Birlik ve bütünlük ülkemizin önünü açar
Medyasoft Genel Müdürü İhsan Taşer
Darbe öncesinde darbeci teröristler, aralarında kurdukları iletişimi teknolojinin imkânlarını kullanarak sağladılar ve yine teknolojik imkânlar ve şifreleme teknikleri sayesinde bu iletişimi devlet yönetiminden ve devlete bağlı istihbarat örgütlerinden son ana kadar saklamayı başardılar. Hatta darbe esnasında iletişimlerini WhatsApp üzerinden yaptıkları ortaya çıktı.
Evet, darbe noktasına gelinmesinde teknolojinin önemli bir rolü oldu, ancak darbenin önlenmesinde de bilişimin oynadığı rolü hepimiz gördük. Klasik yayın sistemleri ile mesajını kamuoyuna ulaştıramayan Cumhurbaşkanımız, Facetime uygulamasını kullanarak ana medya kanallarına ulaştı ve halkı sokağa davet ederek, darbe girişiminin önlenmesinde en önemli kırılma noktalarından birini oluşturdu. Bir anlamda, Facetime'ın fendi, WhatsApp'ı yendi.

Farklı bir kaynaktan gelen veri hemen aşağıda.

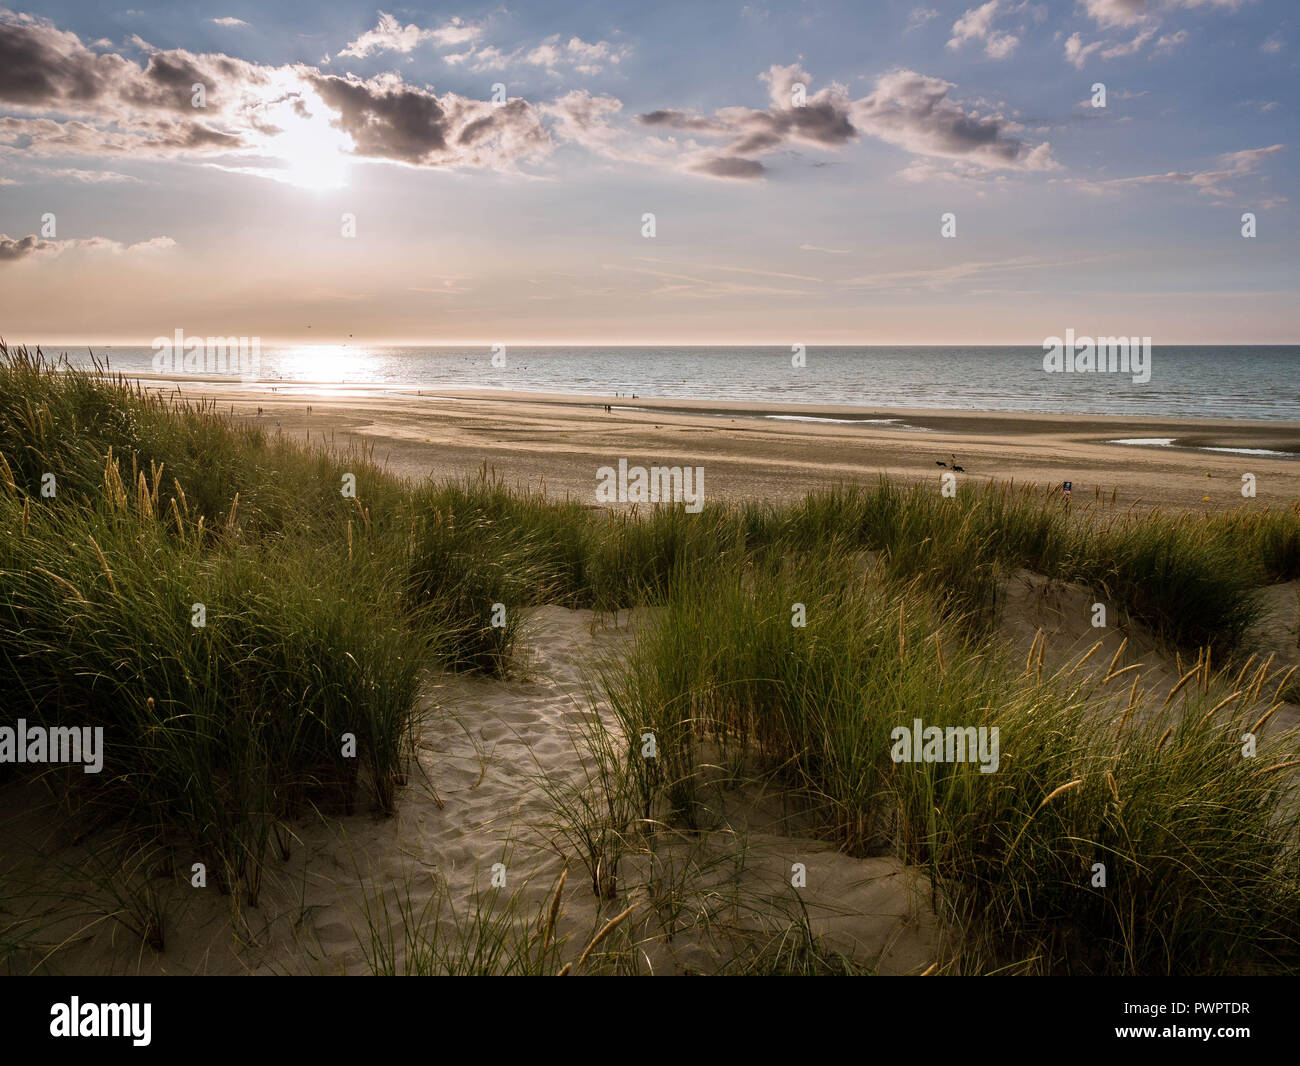 Sand path within marram grass covered dunes leads towards the beach just prior sunset in northern France Stock Photo

Aynı şekilde, ana telekom hizmet sağlayıcıların, darbe girişimi esnasında Cumhurbaşkanımızın halkı direnişe çağıran mesajlarının hat sahiplerine iletilmesini sağlaması ve vatandaşların aralarındaki haberleşmenin ve paylaşımın artırılması için ücretsiz ek paketleri devreye sokması, direnen halkın kahramanlık ve darbecilerin bozguna uğratılması hikayelerinin hızlıca yayılmasını sağlayarak moral ve motivasyon üstünlüğünün ele geçirilmesine büyük katkı sağladı.

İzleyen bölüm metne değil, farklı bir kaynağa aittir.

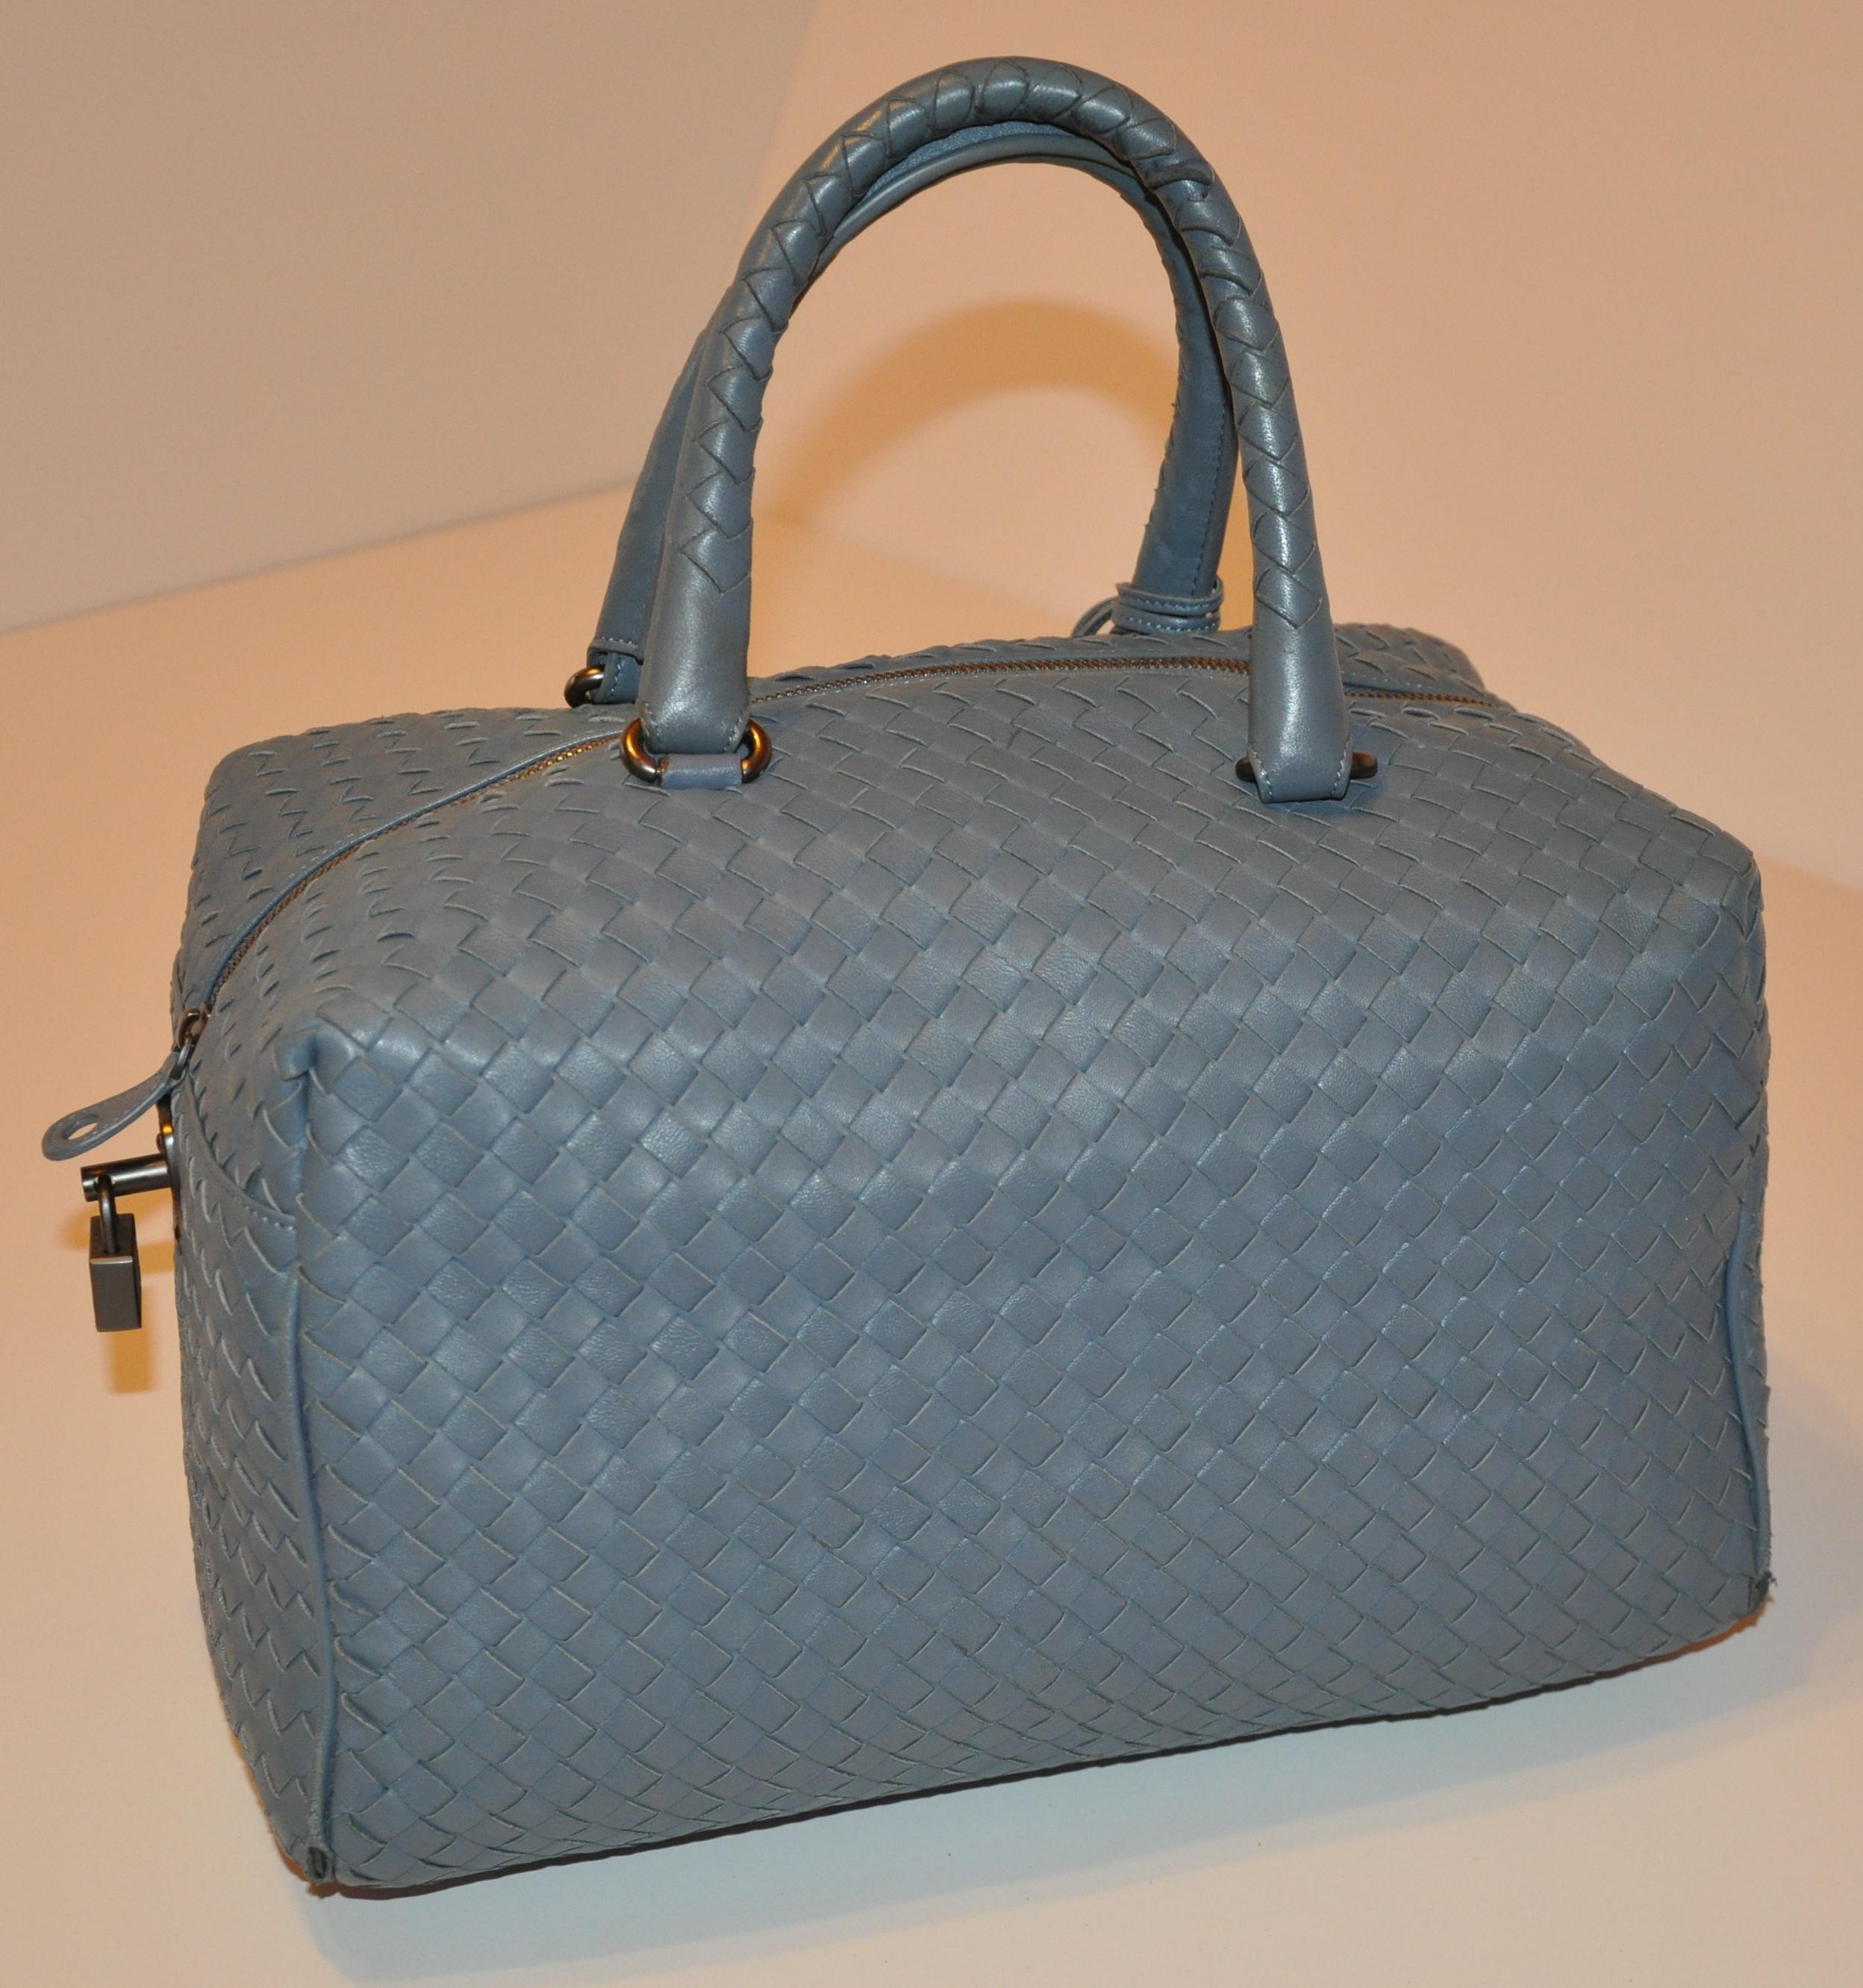        Bottega Veneta wonderfully soft steel-blue signature woven lambskin weekend tote is detailed with a zippered top which measures 16 inches. The double woven handles is accented with steel hardware and stands at 6 1/2 inches in height. The

Bu olay, siber güvenliğin ulusal güvenliğin önemli bir parçası olduğunu ortaya koymuştur. Ayrıca, vatandaşlarımızın sağduyusu yanında milli kurumların, milli sistemlerin gerekliliğini bir kez daha ortaya koymuştur. Bu şekilde, dış etkenlerden etkilenmemiz de en aza indirgenecektir. İnanıyorum ki, devlet yöneticilerimiz bu yaşananlardan gerekli dersi çıkaracak ve ulusal güvenliğin sağlanmasında bilişim sektörünün rolünün bilincinde olarak bu sektörün sağlıklı bir şekilde gelişmesi ve büyümesi için destek olacaktır.
Birlik ve bütünlük ülkemizin önünü açar. Enerjimizi ve zamanımızı birbirimizle uğraşmak yerine, üretmeye, yenilikler yapmaya, halkımızın huzur ve refahını artırmaya yönelik olarak harcarsak, ülkemiz gelişir, zenginleşir, bizim sektörümüz de bundan faydalanır.
Umuyorum ki, bu süreçte devlet kurumlarımız ve şirketlerimiz, bilişim sektörüne ve firmalarımıza bakarken, sadakat ve liyakatin bir arada olmasına daha fazla dikkat edeceklerdir. Ahlak ve liyakat sahibi insanların olduğu, tercih edildiği, performansın hakkaniyetli bir şekilde ödüllendirildiği ortamlarda ve kurumlarda, ihanetin olma ihtimali düşüktür.